Le Primary Census Abstract (PCA) contient quant à lui les informations par sexe relatives aux populations, que l’on peut classer en différentes catégories :

·        Données démographiques : nombre de logements, nombre de logements occupés, population totale, population masculine et féminine

·        Données socioculturelles : population dalit, population tribale, niveau d’alphabétisation général.

·        Données économiques générales : nombre d’actifs, nombre d’actifs partiels, nombre de personnes sans emploi.

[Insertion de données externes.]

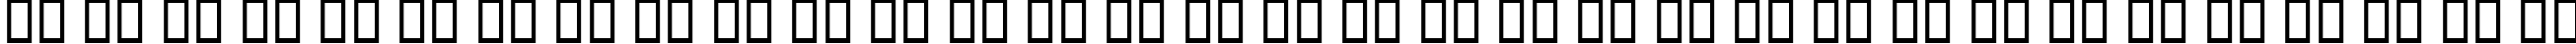 Пример написания русского алфавита шрифтом B Tabassom
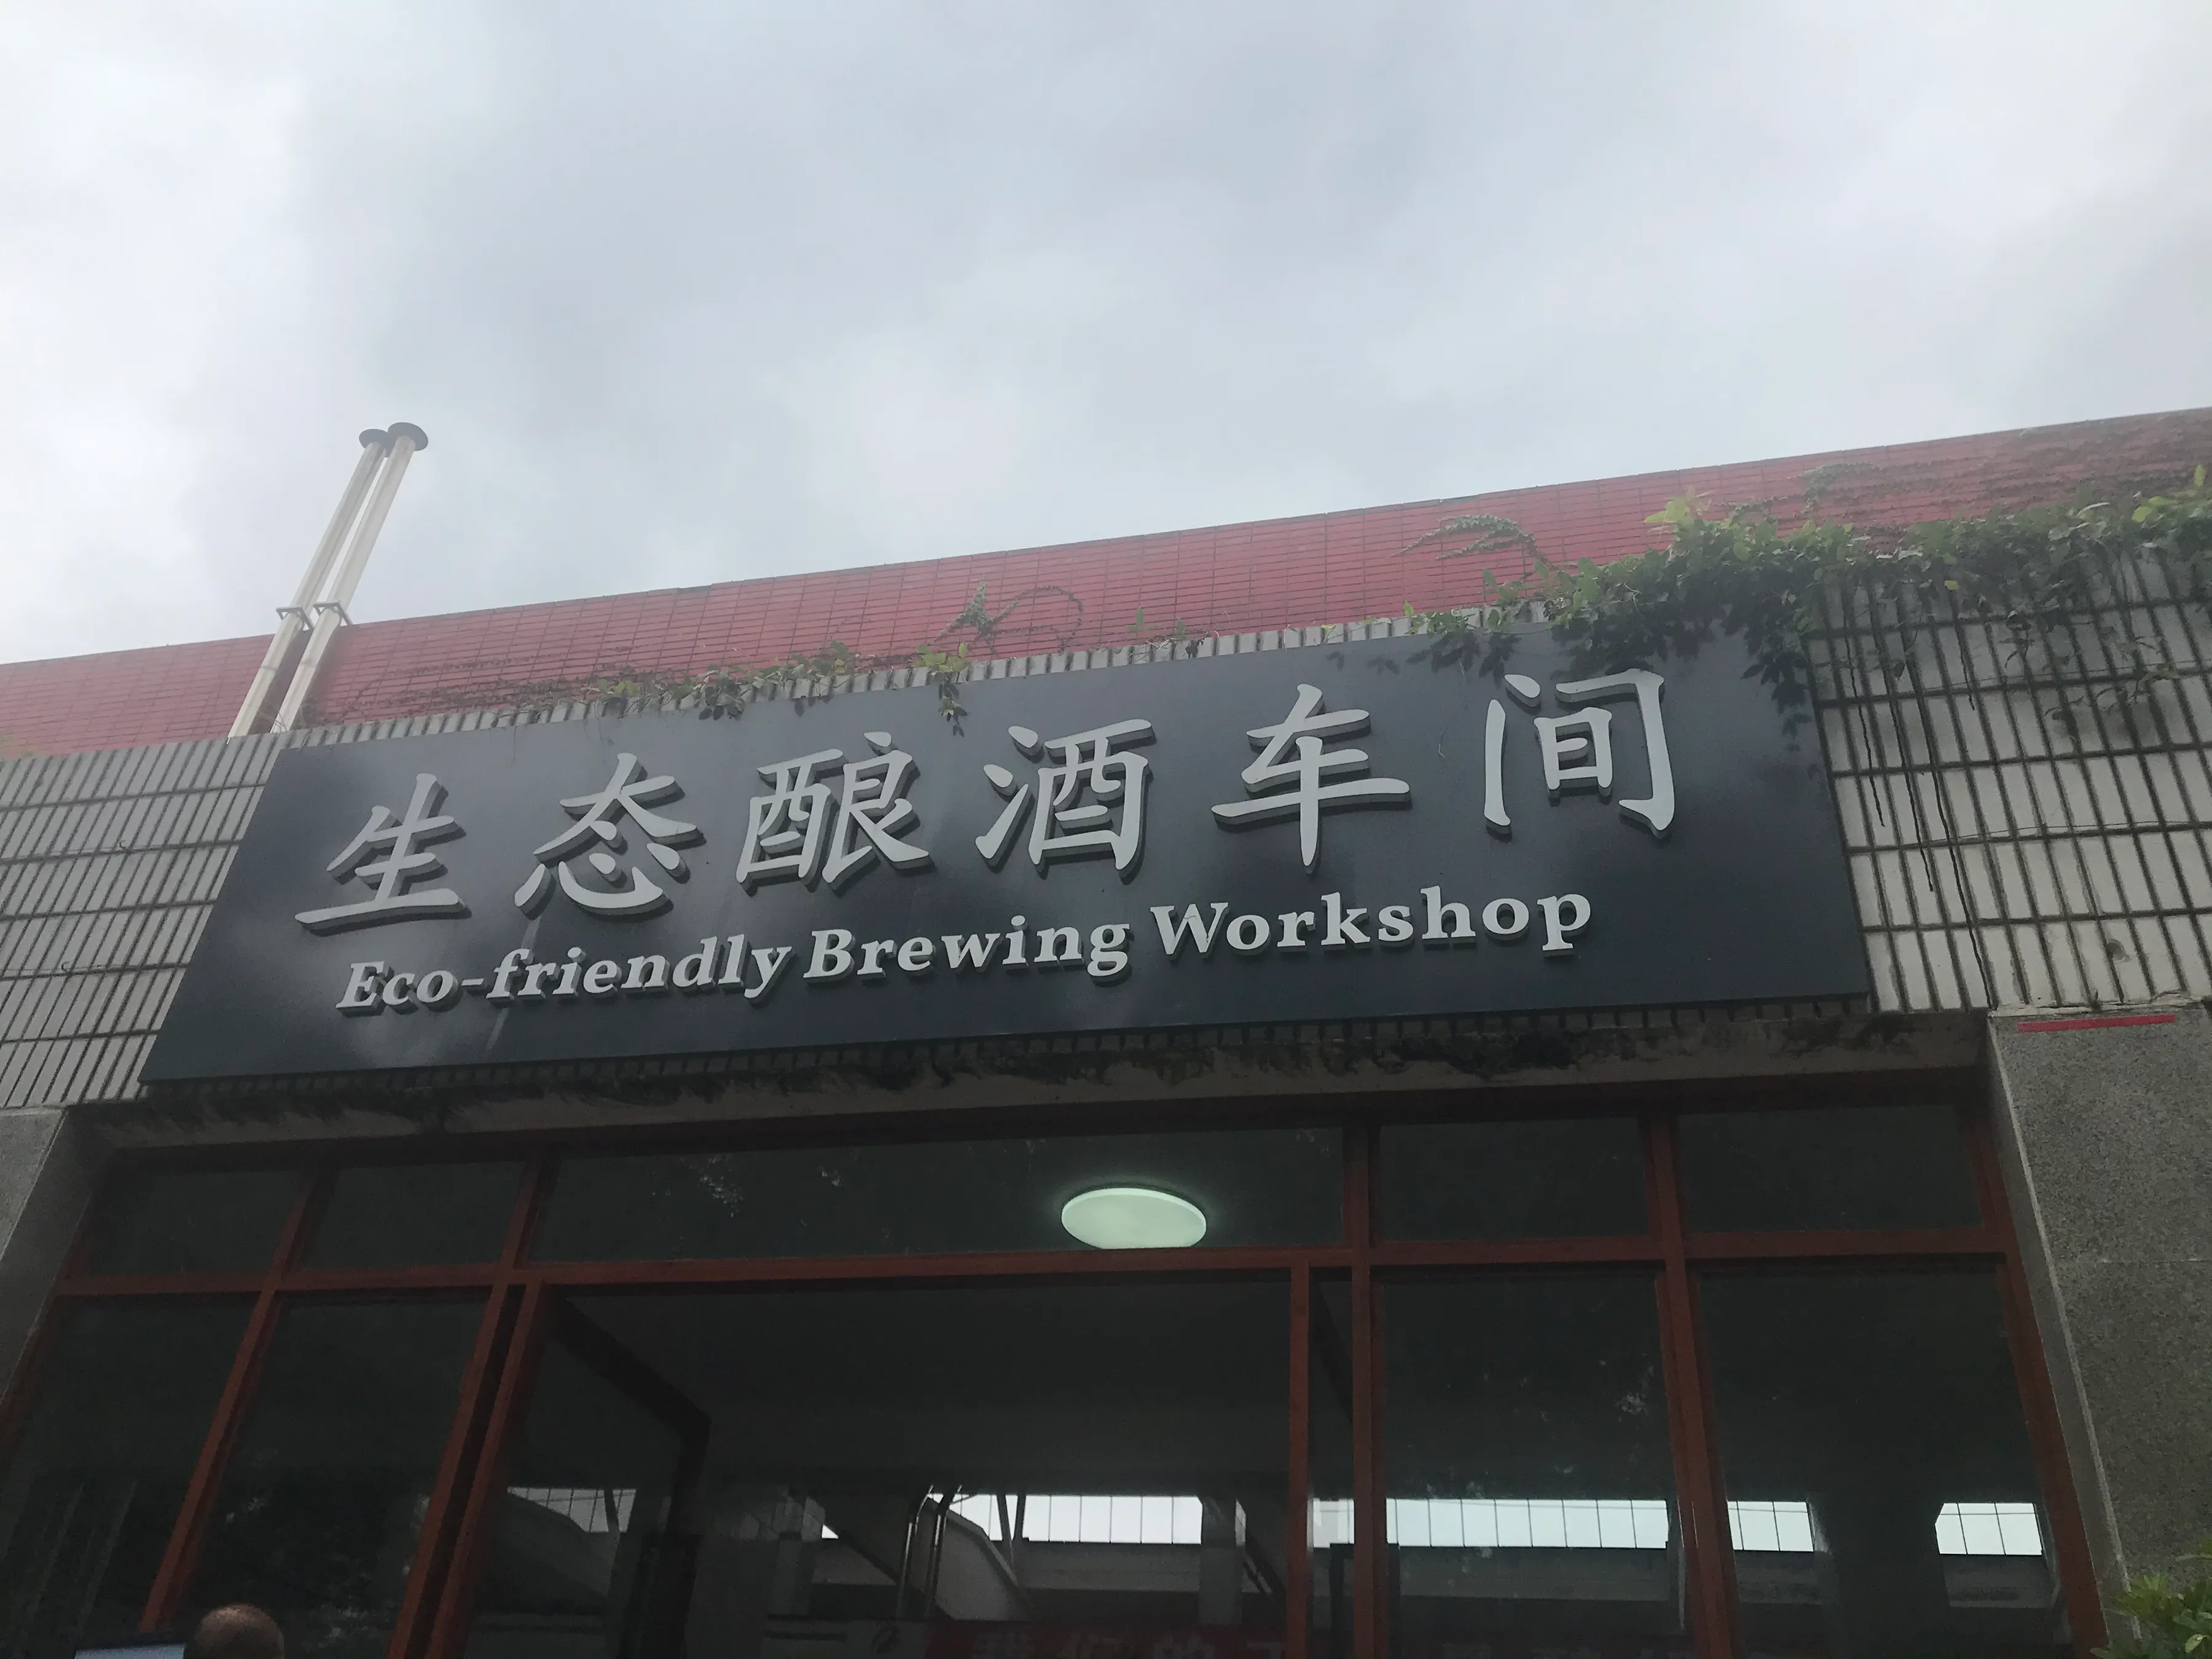 沱牌舍得酒业被四川省食品科学技术学会授予“副理事长单位”

·        Données sur l’emploi : le recensement distingue dix catégories d’actifs :

-         Les propriétaires cultivateurs

-         Les employés agricoles

-         Les autres actifs du secteur primaire (pêcheurs, chasseurs, forestiers, employés dans les plantations)

-         Les mineurs et employés dans les carrières

-         Les artisans et employés d’industrie à domicile (household industry)

-         Les employés d’entreprises industrielles (non household industry)

-         Les employés du bâtiment

-         Les employés dans le commerce

-         Les employés dans le stockage, la manutention et le transport

-         Les autres actifs du tertiaire (services, fonctionnaires, etc.).



[1] Par exemple, le niveau de d’alphabétisation est fonction de la distance à une structure d’enseignement de qualité (effet spatial) plus que fonction de la présence d’une école primaire (indicateur socio-économique de développement).

[2] Le chapitre d’Alain Reynaud dans l’Encyclopédie de géographie (Reynaud, 1992) est remarquable par sa précision et ses nuances dans la définition des deux concepts de centre et de périphérie.

[3] D’où les quolibets, cités par Krugman (2000 : 50), que l’on a pu entendre à propos de cette vision des choses : « Alors, les économistes croient que les entreprises s’agglomèrent à cause des économies d’agglomérations ? ».

[4] Nom de l’enquête DHS en Inde. http://www.nfhsindia.org/anfhs.html

[5] Voir leur site : http://www.ncaer.org/

[6] L’Institut Français de Pondichéry possède quasiment toute la couverture du sud de l’Inde.

[7] Le Digital Chart of the World est une base de données géographiques à l’échelle mondiale. Elle a été développée par l’entreprise ESRI pour l’agence de cartographie de la défense américaine. La source primaire est l’ONC (Operational Navigation Chart).

[8] propos de la qualité du DCW, voir Kraak, Ormeling (1996 : 207).